Induktion von Hypoxie im lebenden Frosch und Zebrafisch Embryonen
Summary
Wir stellen ein neuartiges hypoxisches Kammersystem für die Verwendung mit Wasserorganismen wie Frosch und Zebrafisch-Embryonen vor. Unser System ist einfach, robust, kostengünstig und ermöglicht die Induktion und Aufrechterhaltung der Hypoxie in vivo und für bis zu 48 h. Wir präsentieren 2 reproduzierbare Methoden zur Überwachung der Wirksamkeit der Hypoxie.
Abstract
Hier stellen wir ein neuartiges System zur Hypoxie-Induktion vor, das wir entwickelt haben, um die Auswirkungen von Hypoxie in Wasserorganismen wie Frosch und Zebrafisch-Embryonen zu untersuchen. Unser System besteht aus einer Kammer mit einem einfachen Aufbau, der dennoch robust ist, um eine spezifische Sauerstoffkonzentration und Temperatur in jeder experimentellen Lösung der Wahl zu induzieren und aufrechtzuerhalten. Das dargestellte System ist sehr kostengünstig, aber hochfunktionell, ermöglicht die Induktion und Erhaltung von Hypoxie für direkte Experimente in vivo und für verschiedene Zeiträume bis zu 48 h.

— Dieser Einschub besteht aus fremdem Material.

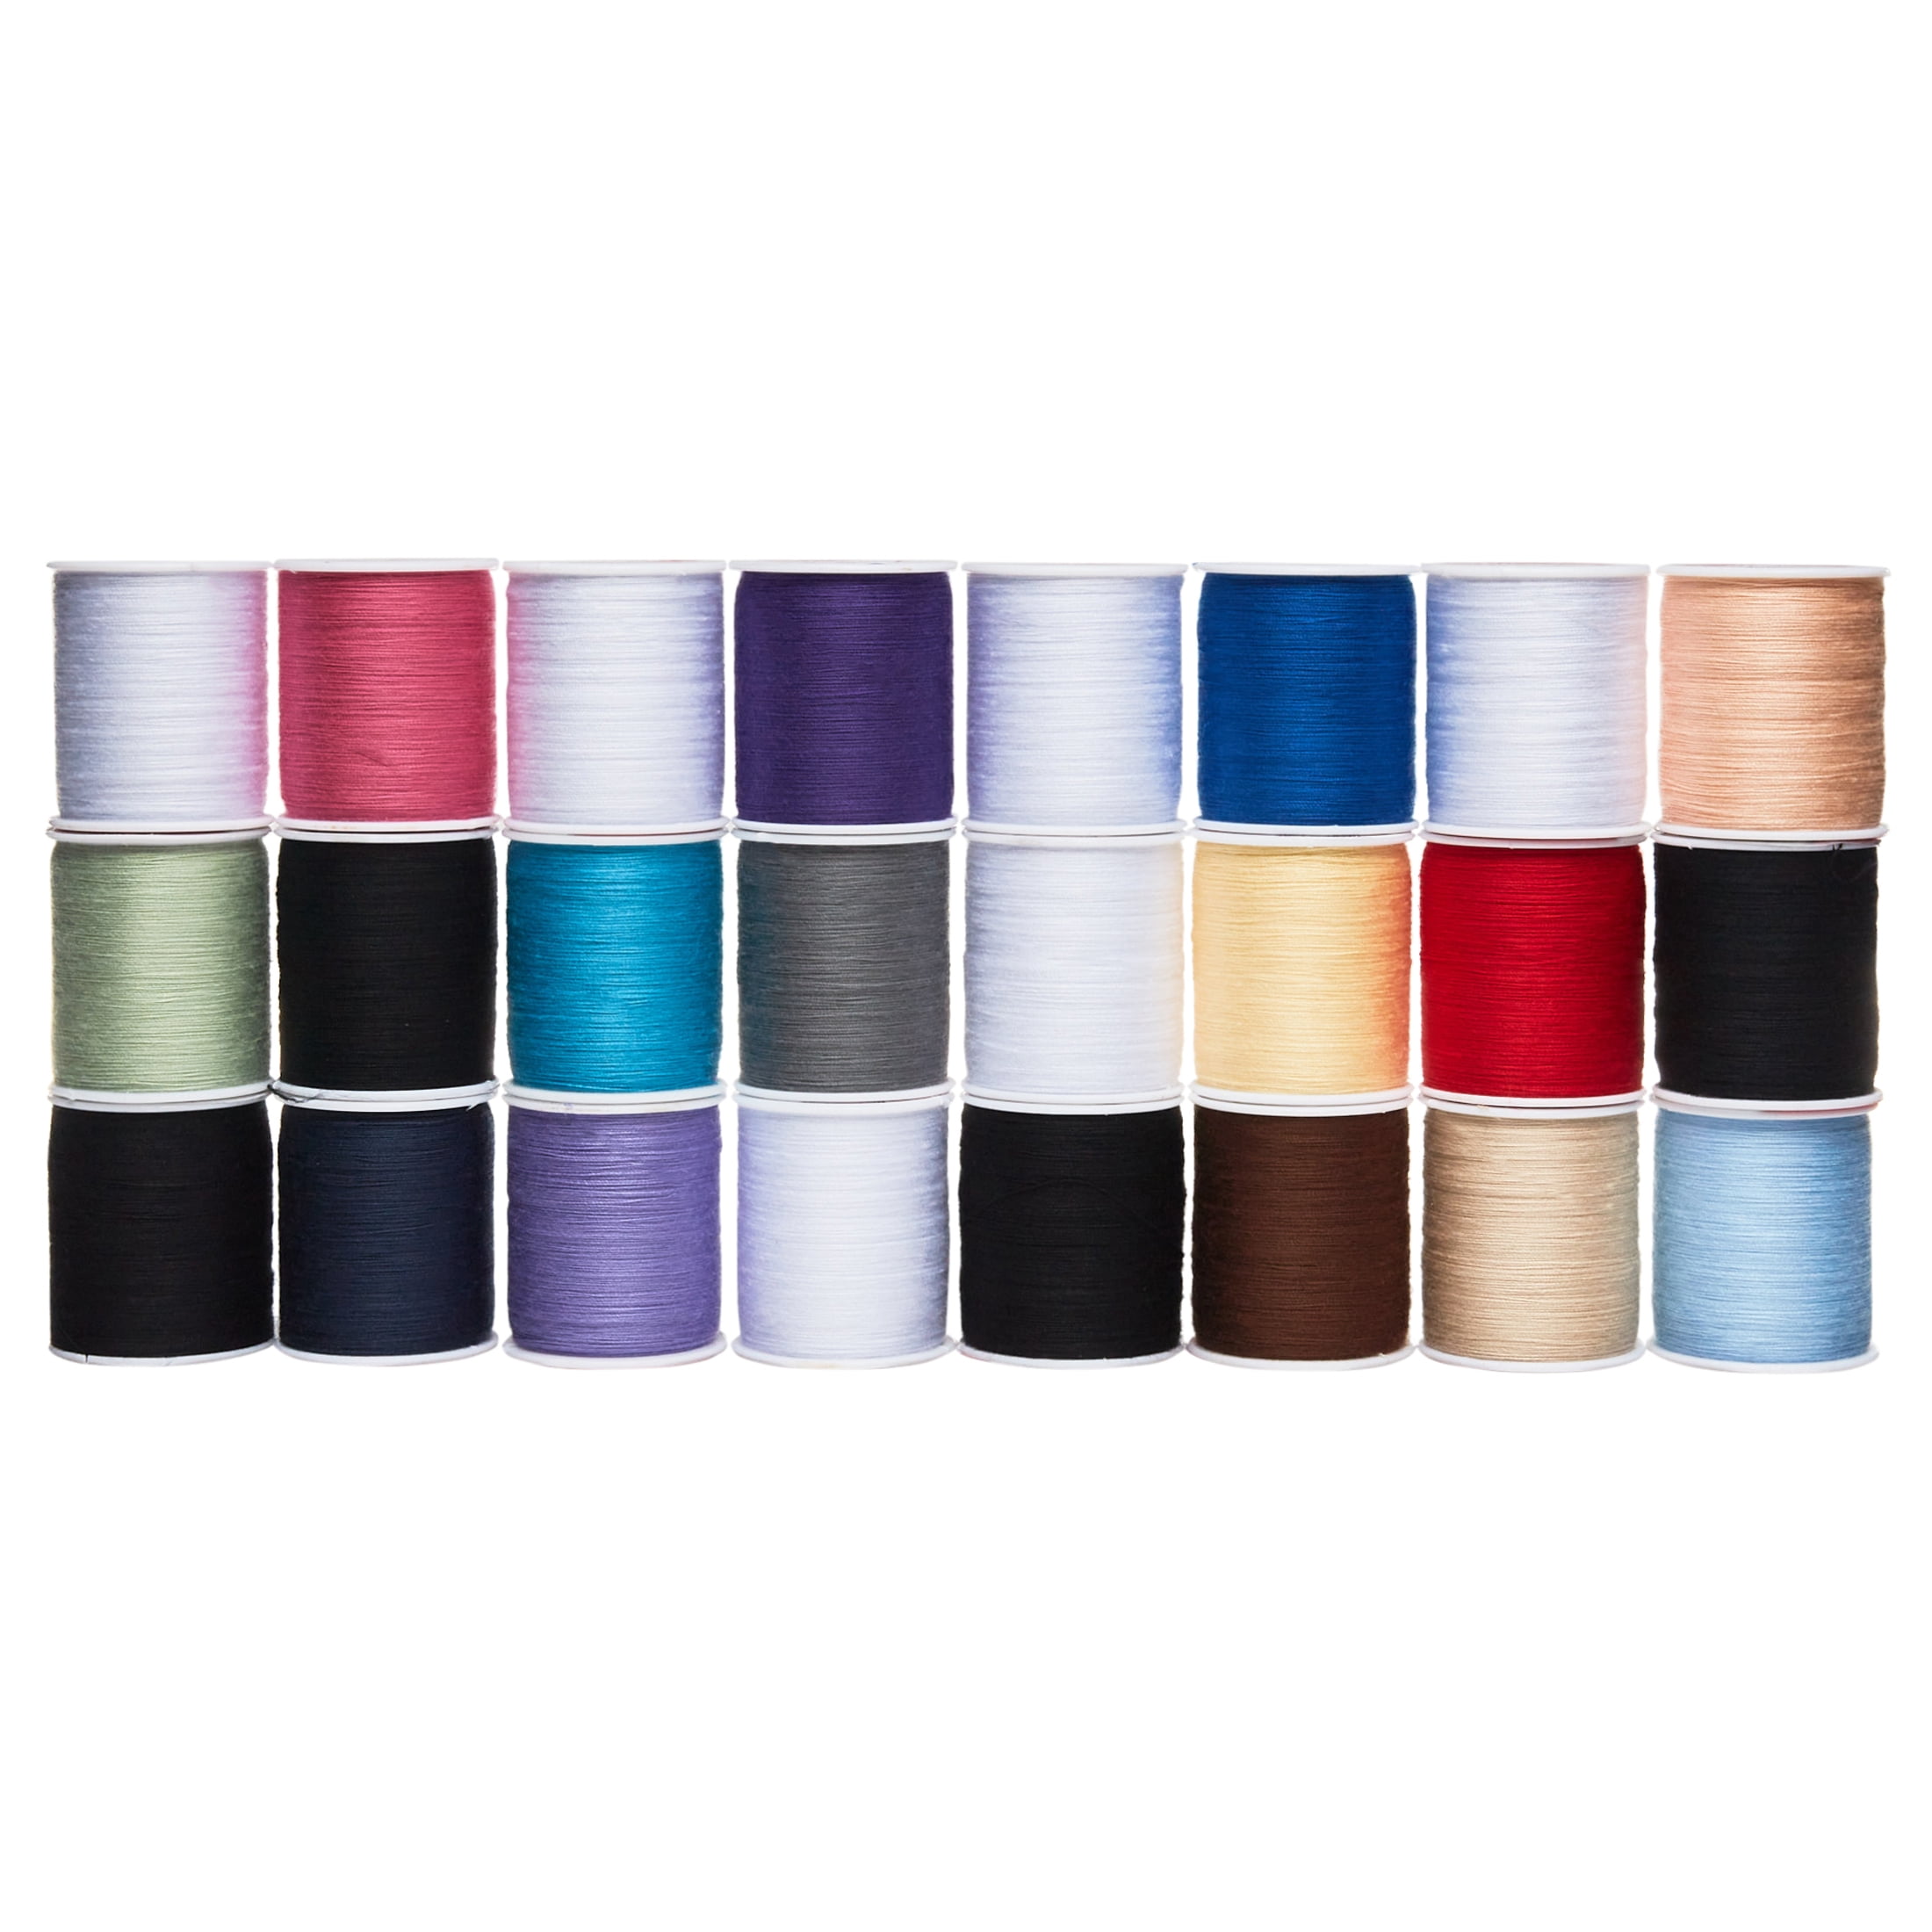 All Purpose Polyester Thread - Browns, Oranges & Yellows, Hobby Lobby, 1256148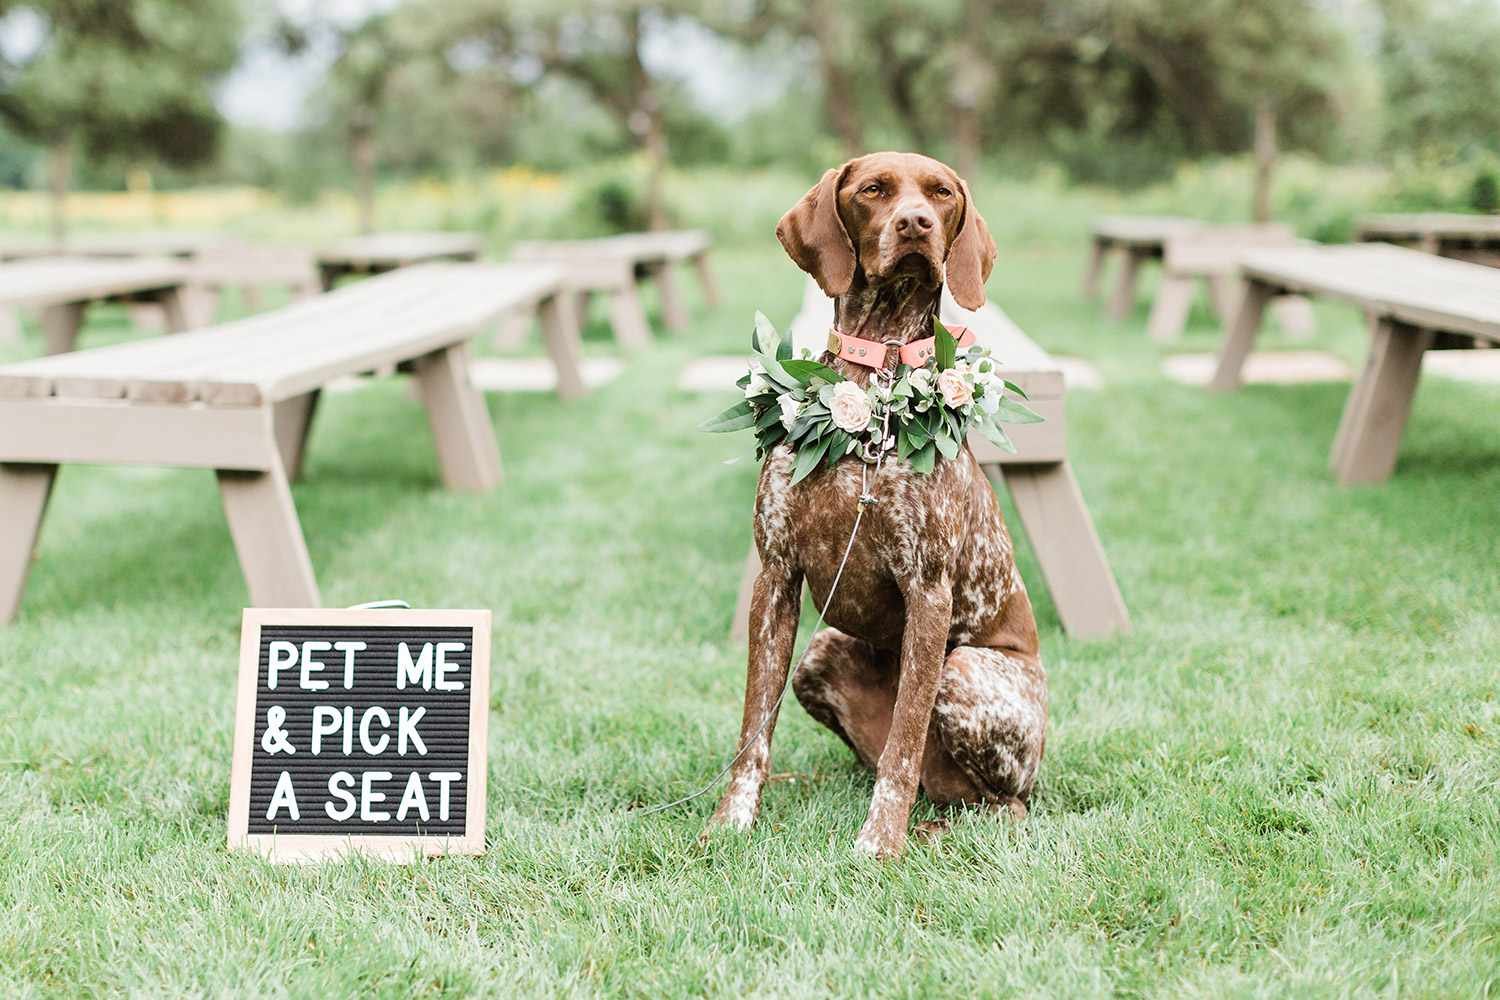 One-Third of Pet Owners Include Their Furry Friend in Their Wedding or Engagement, Survey Finds

Um die Wirkungen von Hypoxie zu überwachen und zu untersuchen, haben wir zwei Methoden angewendet – die Messung der Ebenen des Hypoxie-induzierbaren Faktors 1alpha (HIF-1α) in ganzen Embryonen oder spezifischen Geweben und die Bestimmung der retinalen Stammzellproliferation durch 5-Ethinyl-2'- Desoxyuridin (EdU) Einarbeitung in die DNA. HIF-1α-Spiegel können als allgemeiner Hypoxie-Marker im ganzen Embryo oder Gewebe dienenDer Wahl, hier embryonale Netzhaut. EdU-Inkorporation in die proliferierenden Zellen der embryonalen Retina ist eine spezifische Ausgabe der Hypoxie-Induktion. So haben wir gezeigt, dass hypoxische embryonale Netzhautvorläufer die Proliferation innerhalb von 1 h der Inkubation unter 5% Sauerstoff sowohl von Frosch als auch von Zebrafischembryonen verringern.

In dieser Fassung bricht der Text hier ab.